タイトルはエラリー・クイーン『盤面の敵』からによる。
出版された当初から話題になっていた、ノンシリーズ長編作品。当時、北村作品は全て単行本で購入して読んでいたはずなのに、なぜか買うのをためらった作品だった。今回初めて読んでみて、その理由がやっとわかった。面白くないという直感が働いたからだった。
作者がノベルス版で「今、物語によって慰めを得たり、安らかな心を得たいという方には、このお話は不向きです」と断っているとおり、これまでの北村作品では有り得ないような、救いようのない悪意を持つ人物が登場する。確かに読み終わっても、思い出すだけで嫌になるような人物だ。そういう点でも「読まなければよかった」と思わせるような作品ではあるのだが、本作品で面白くなかったのはその点ではない。
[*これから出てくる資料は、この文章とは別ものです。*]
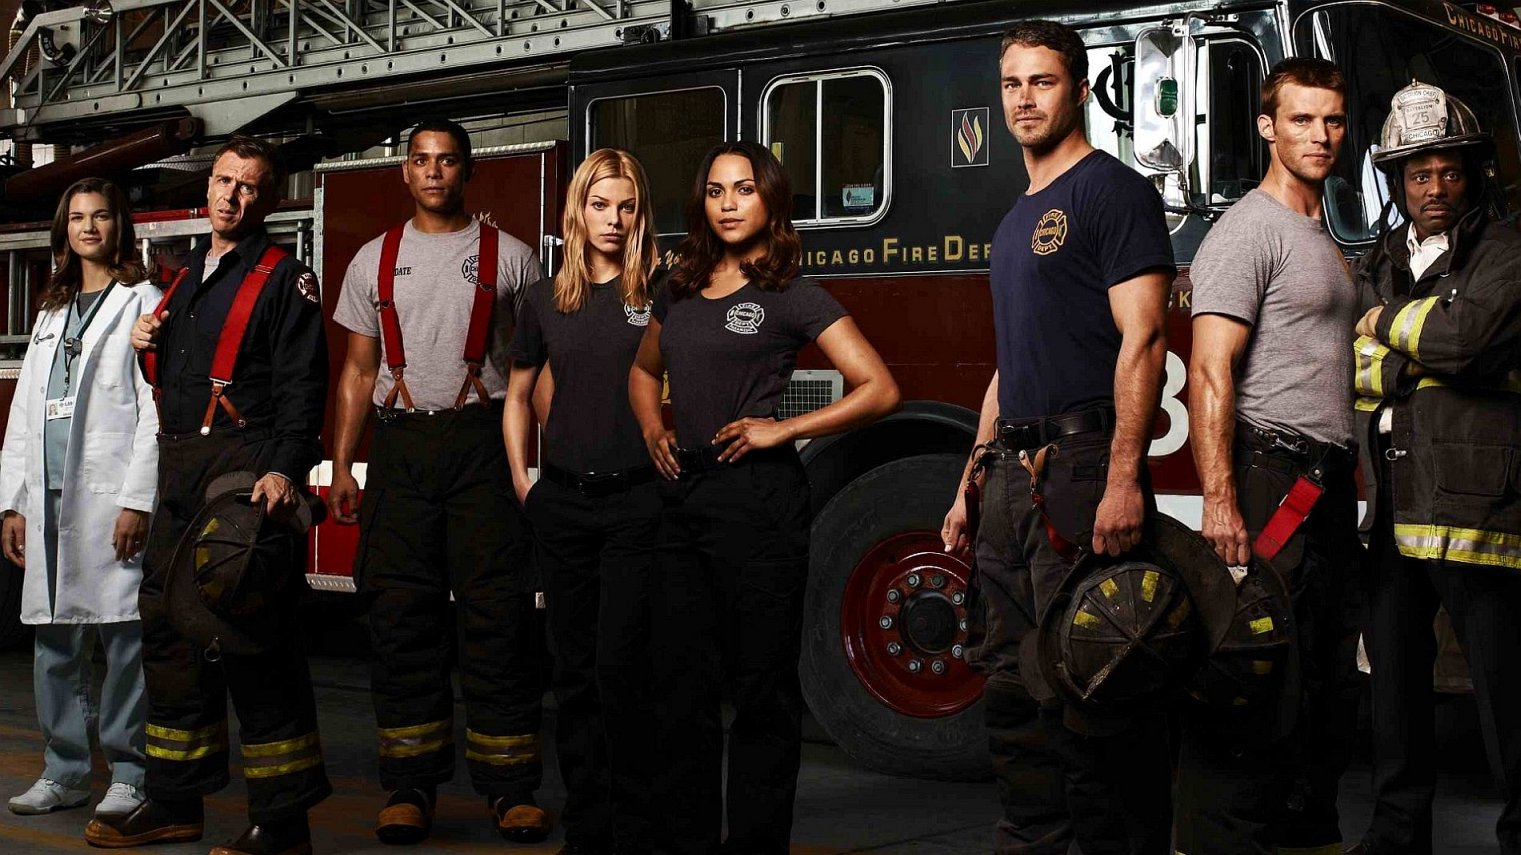 Chicago Fire season 6 episode 10 watch online

粗筋紹介で書かれている「北村マジック」が、私には全く感心できないものだったのだ。
本作品は、白のキングである主人公が、白のクイーンを救い出すべく、色々と動く作品である。物語は、白のキングの行動と、白のクイーンによる回想が交互に並べられ、キングとクイーンの話から、“盤上の敵”が鮮やかに浮かび上がってくる。その手法や構成、最後の“北村マジック”に至るまでの手腕はすごいと思う。ただ感心しないのは、事件発生に至る偶然性や後始末はどうするかといった点も含め、都合がよすぎるとしか思えないところだ。将棋の例えで言うと、相手(読者)は普通に並べているのに、自分(作者)だけ都合の良いように駒を配置し、さらにそれを目隠し将棋よろしく隠しているところである。
そんなことを言ったら、どのミステリでも一緒じゃないの、と言われそう。だが普通の本格ミステリなら「あっ、やられた」と膝を打つのだが、本作品は「何だよ、これ」と呆れてしまったのである。本格ミステリが100%フェアでなければいけないというつもりはないし、叙述ミステリならほとんどは作者の都合に合わせて書いているだろう。そんなことは十分わかっているのだが、それを抜きにしたところで全く感心しなかった作品だったのである。なんだろうね、この読後感。まあ、少なくとも本格ミステリじゃないでしょう。「論理的」謎解きなんかないのだから。
ということで、多分本能でこの作品を避けていたのだろうなあ。そのまま従っていればよかったのに……と今更ながら後悔。いや、ほとんどの人が絶賛している(ですよね)作品を、こんな感情的なことで貶すのもどうかなあ、と思うんだけど、そういう読後感なのだから仕方がない。だまされたという爽快感のかけらもない作品だった。